What you will do: Would it be possible to write out each entry below exactly, without the pictures?

═══ Listed records ═══

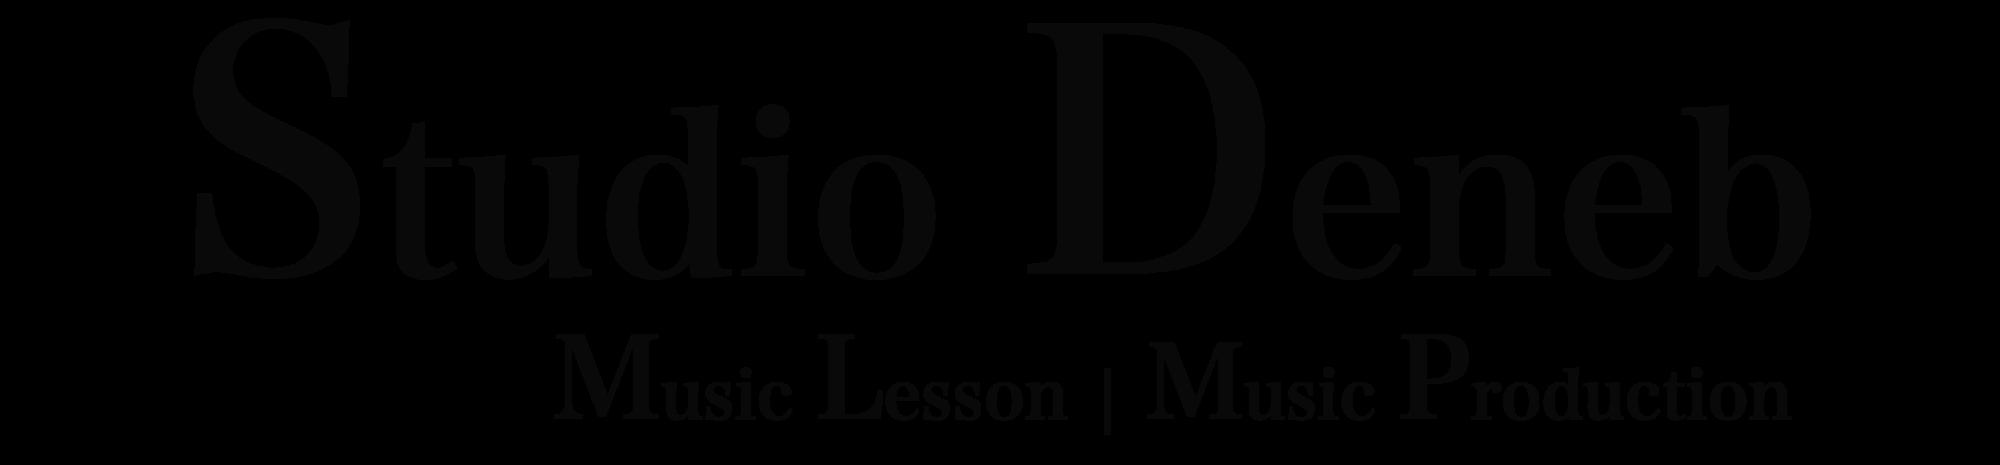 Studio Deneb | Music Production
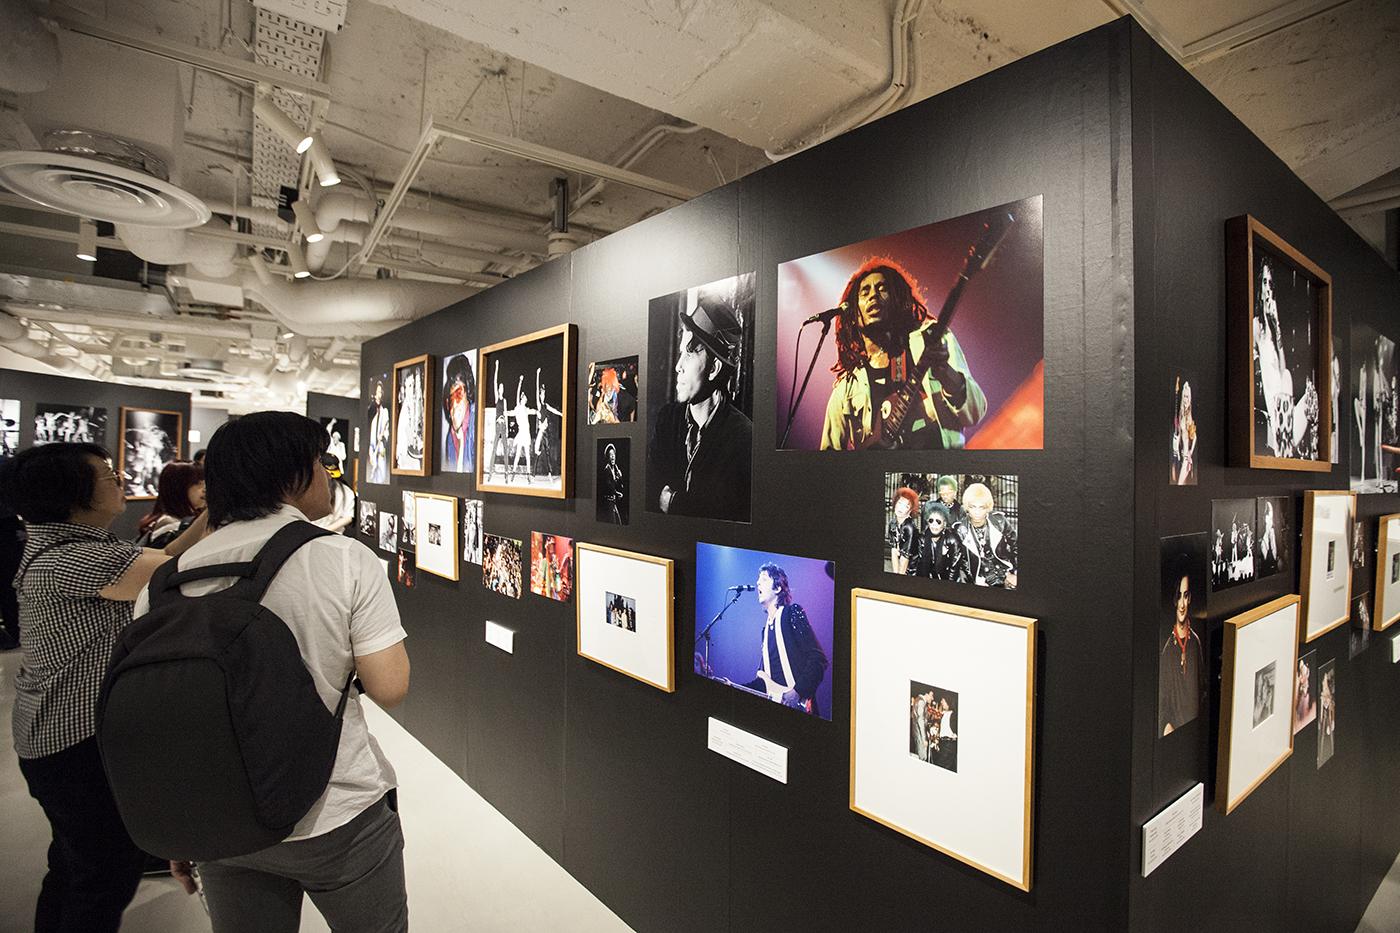 m-0068 【レポート】ロックの歴史が凝縮。フジロックファンも必見のボブ・グルーエン写真展
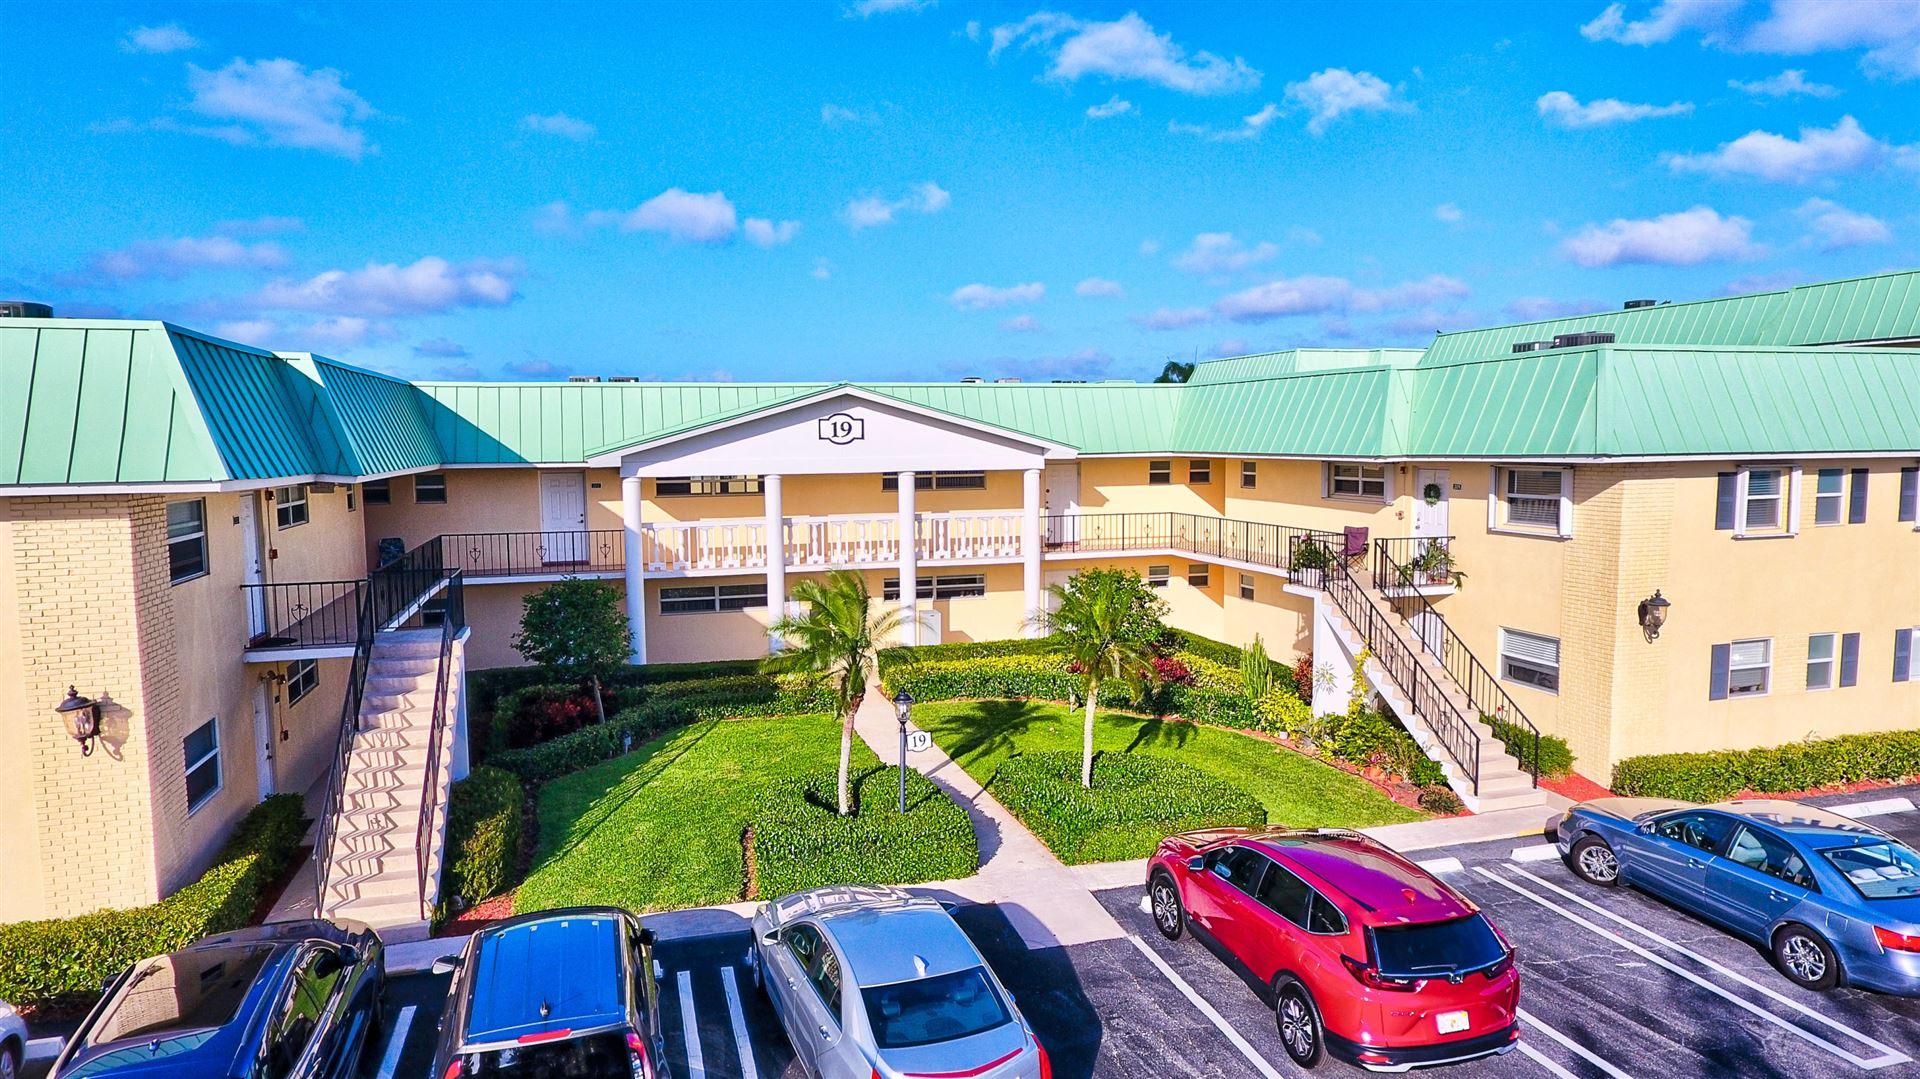 19 Colonial Club Drive #201, Boynton Beach, FL 33435 - #: RX-10694750
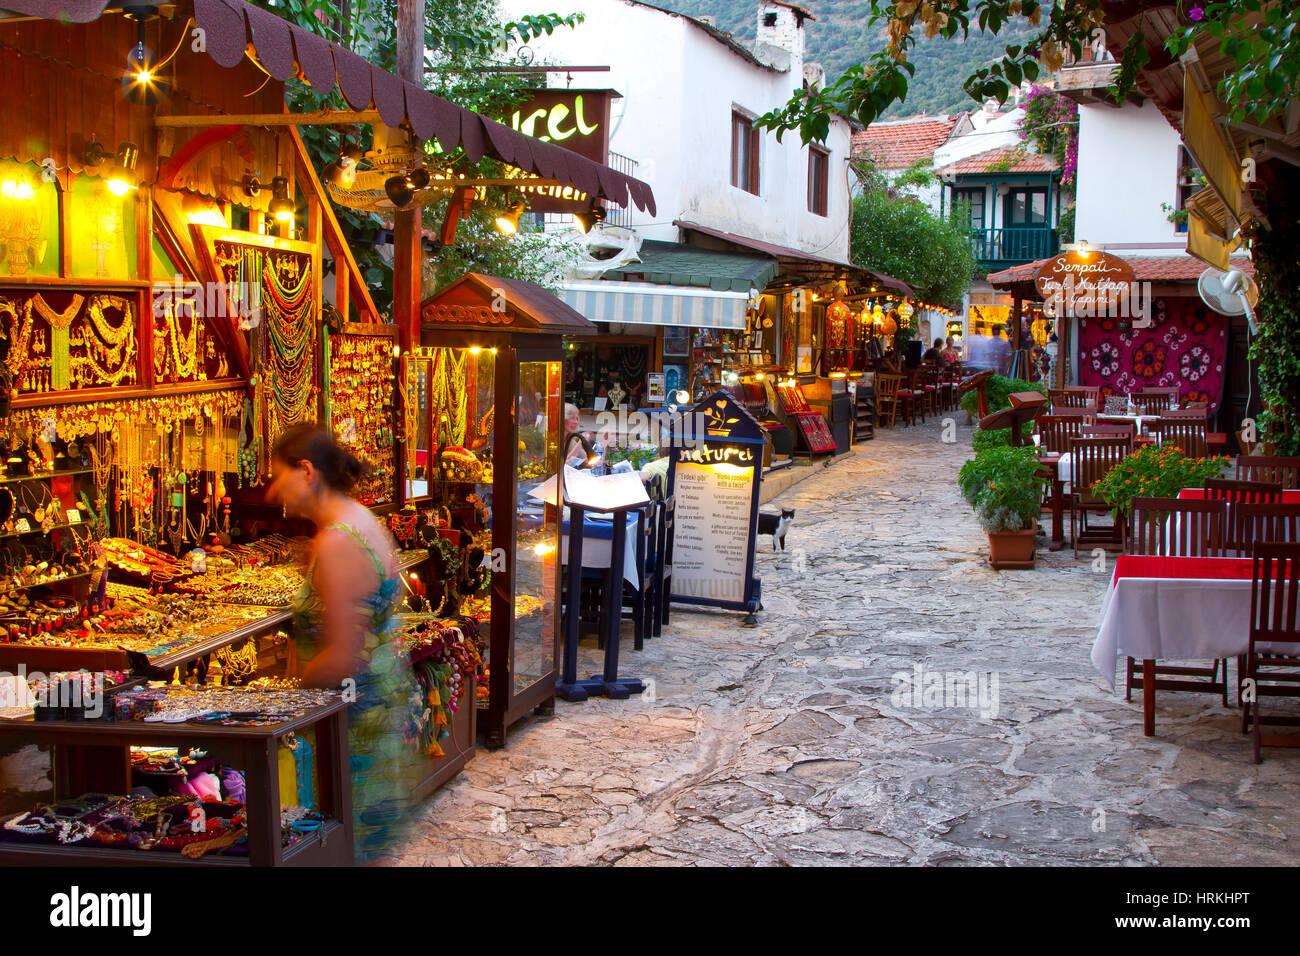 Street view. Kas. Antalya province, mediterranean coast. Turkey. - Stock Image
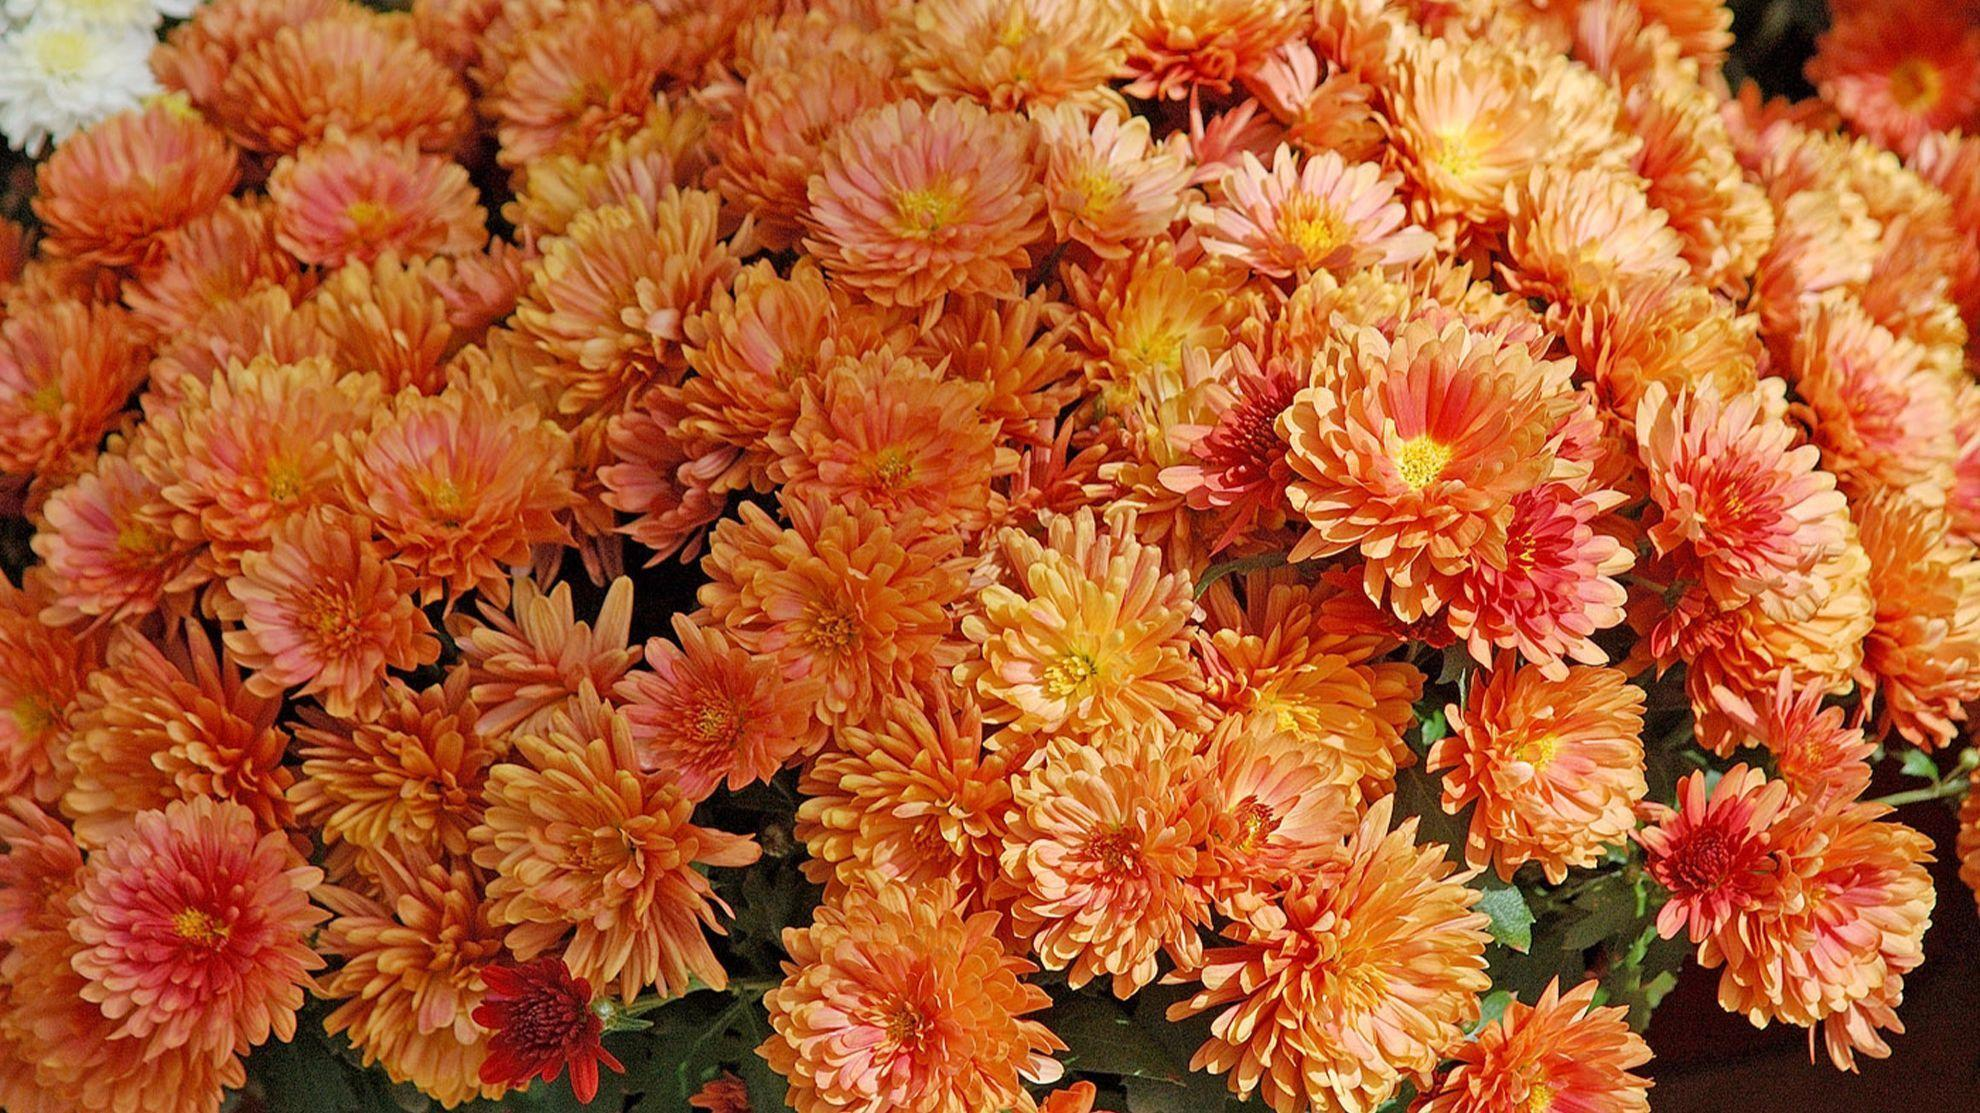 How to keep chrysanthemum

═══

Output below:
 Studio Deneb | Music Production
 m-0068 【レポート】ロックの歴史が凝縮。フジロックファンも必見のボブ・グルーエン写真展
 19 Colonial Club Drive #201, Boynton Beach, FL 33435 - #: RX-10694750
 Street view. Kas. Antalya province, mediterranean coast. Turkey. - Stock Image
 How to keep chrysanthemum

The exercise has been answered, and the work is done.